The US would not care less
The US would not care less if South Korea were destroyed by North Korea. However, South Korea is emboldened by US support. The South Korean ambassador in the Philippines said on television on April 4,2013 that North Korea will not attack because of US presence. He said there is nothing new in the declaration of war by North Korea. (I have a Hub "How would you solve the Korea problem?)
The US is out to protect Americans in South Korea who are working in the American subsidiaries there. Of course, the US is out to protect American multinationals in South Korea.
China would raise an eyebrow if the US attacked North Korea. That would sour their present alliance. American businessmen cannot afford a souring of relations with China now that they have taken a foothold on the Chinese mainland. They have coveted the great Chinese market since early 1900s.
What about the United Nations?
The UN was manipulated by the US in 1948 to hold the first election in the Korean peninsula that saw the installation of Syngman Rhee as president of South Korea. The UN did not play the role of referee but was a protagonist in the shooting war in 1950-53. The UN could not mediate in the invasion of Iraq led by the US; it was a coalition's decision to invade Iraq and capture Saddam. The Philippines, early on, joined the coalition but later on withdrew from it.
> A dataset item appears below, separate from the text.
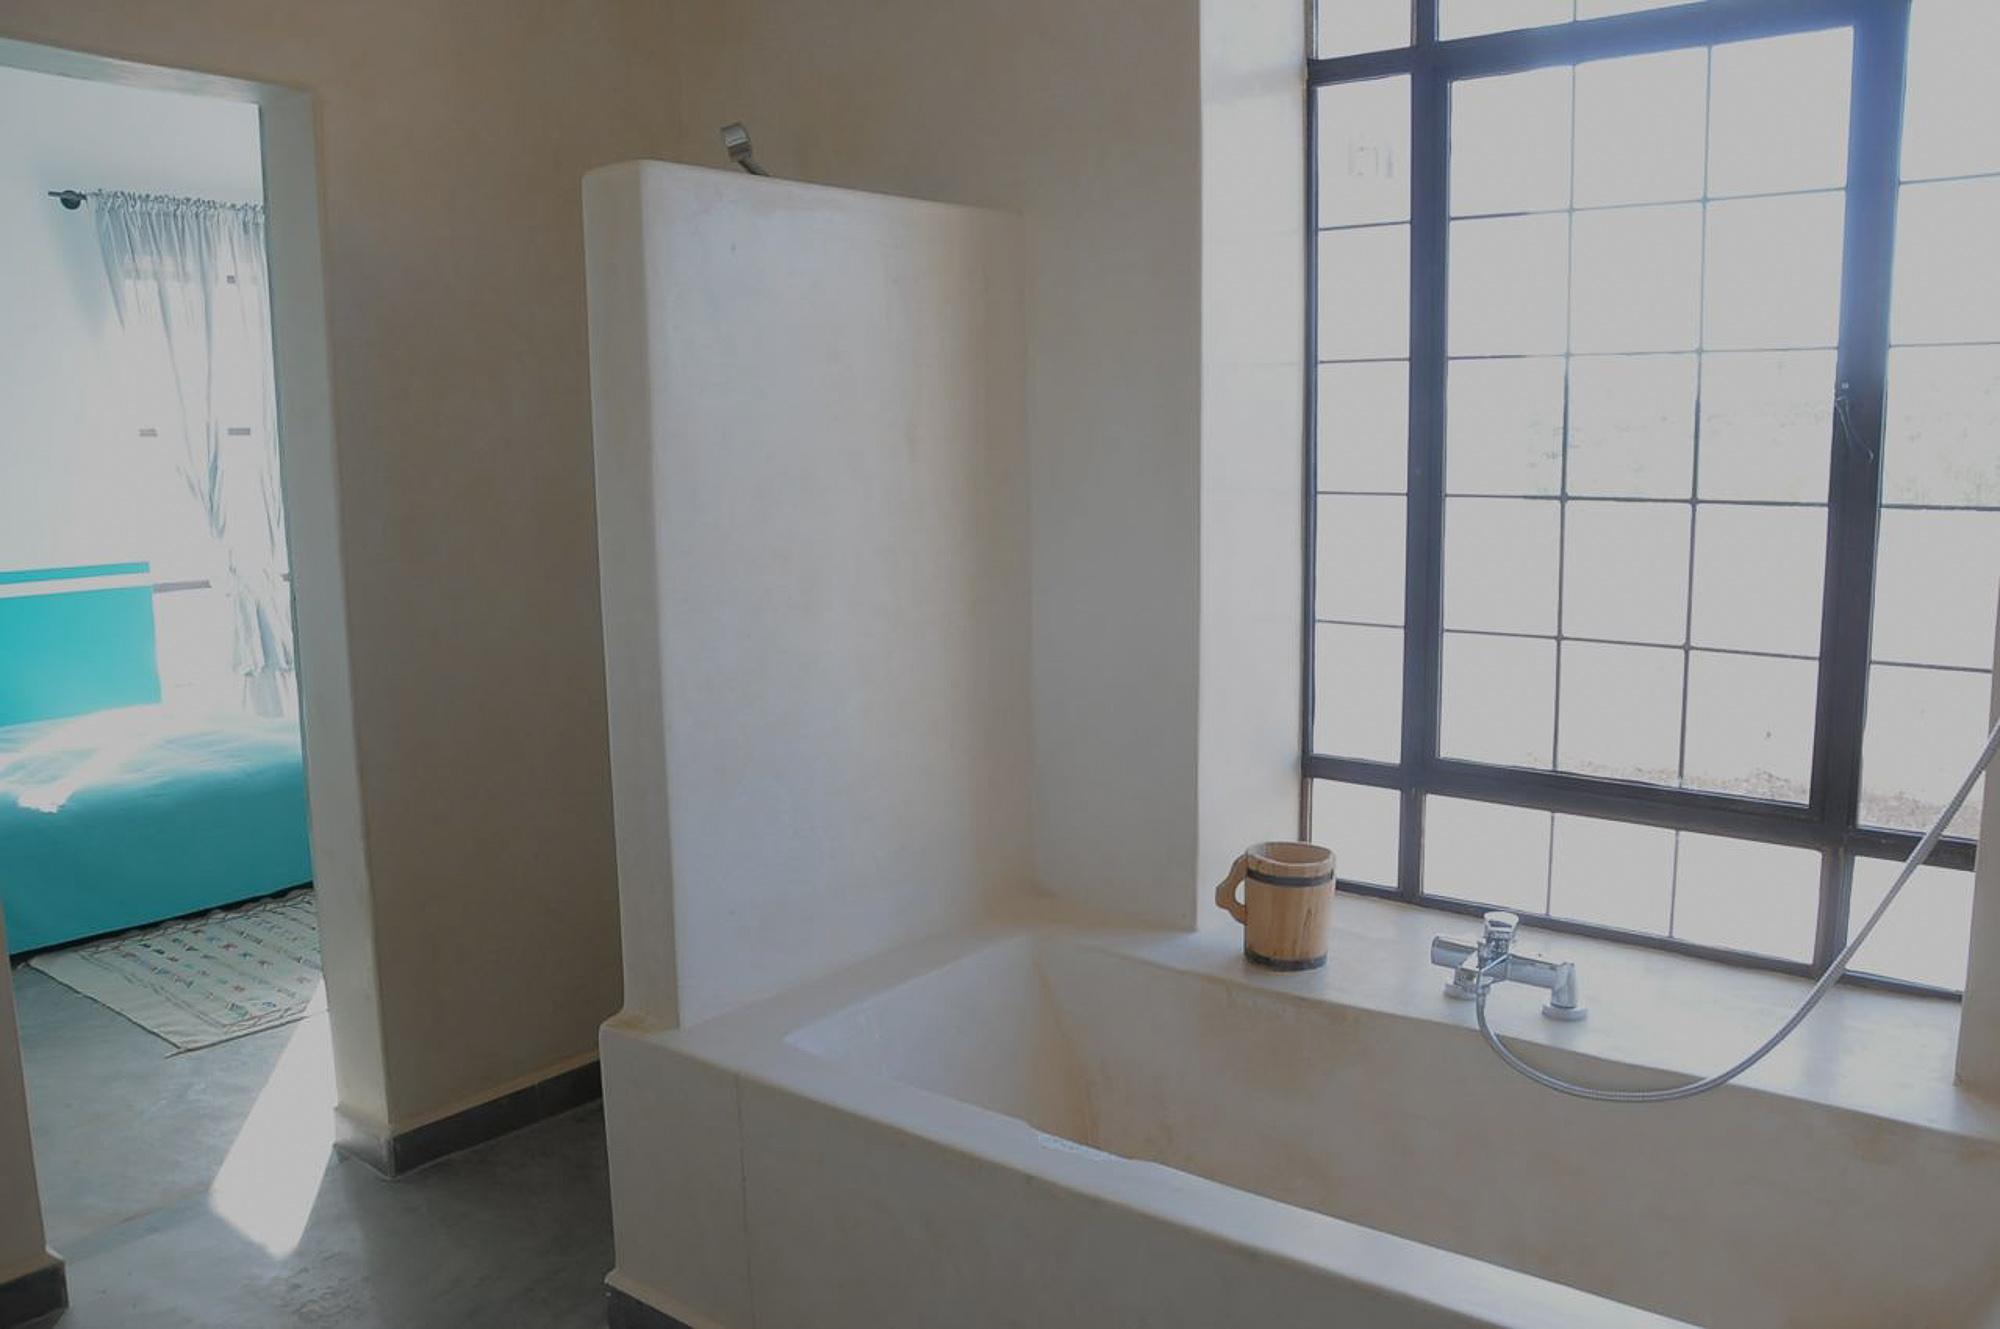 salle de bains.jpg

What could we expect from the UN that has a South Korean as secretary-general?
Chain of decision
What then is the chain of decision-making on the side of the UN, US, and South Korean side? Answer: Internationalist business group, US, UN, South Korea in that order of power.
The main reason why the US supports South Korea is the presence of American multinationals in South Korea. In the shooting war in 1950-53 the US did more damage on South Korea and North Korea than did North Korea, China and USSR. The Cold War was raging then. Now the Cold War is over.
A multinational in South Korea is now controlling 45% of the global market of flash memory that is being used in latest breeds of cellphones and laptops. No other chip maker could overtake that market share. A rival set up in Japan cannot shift from its technology of making random access memory (RAM); in fact it has declared bankruptcy. Of course, the market for RAM has dramatically shrank. Where would KIA, Hyundai and other automakers in South Korea relocate and how fast could they set up shop? They would have to haul thousands of skilled South Korean workers to the new locations or train new skilled workers or import American labor. Or relocate to the US territory. However, that would be losing the pool of labor that is paid 10% of what is paid to American labor.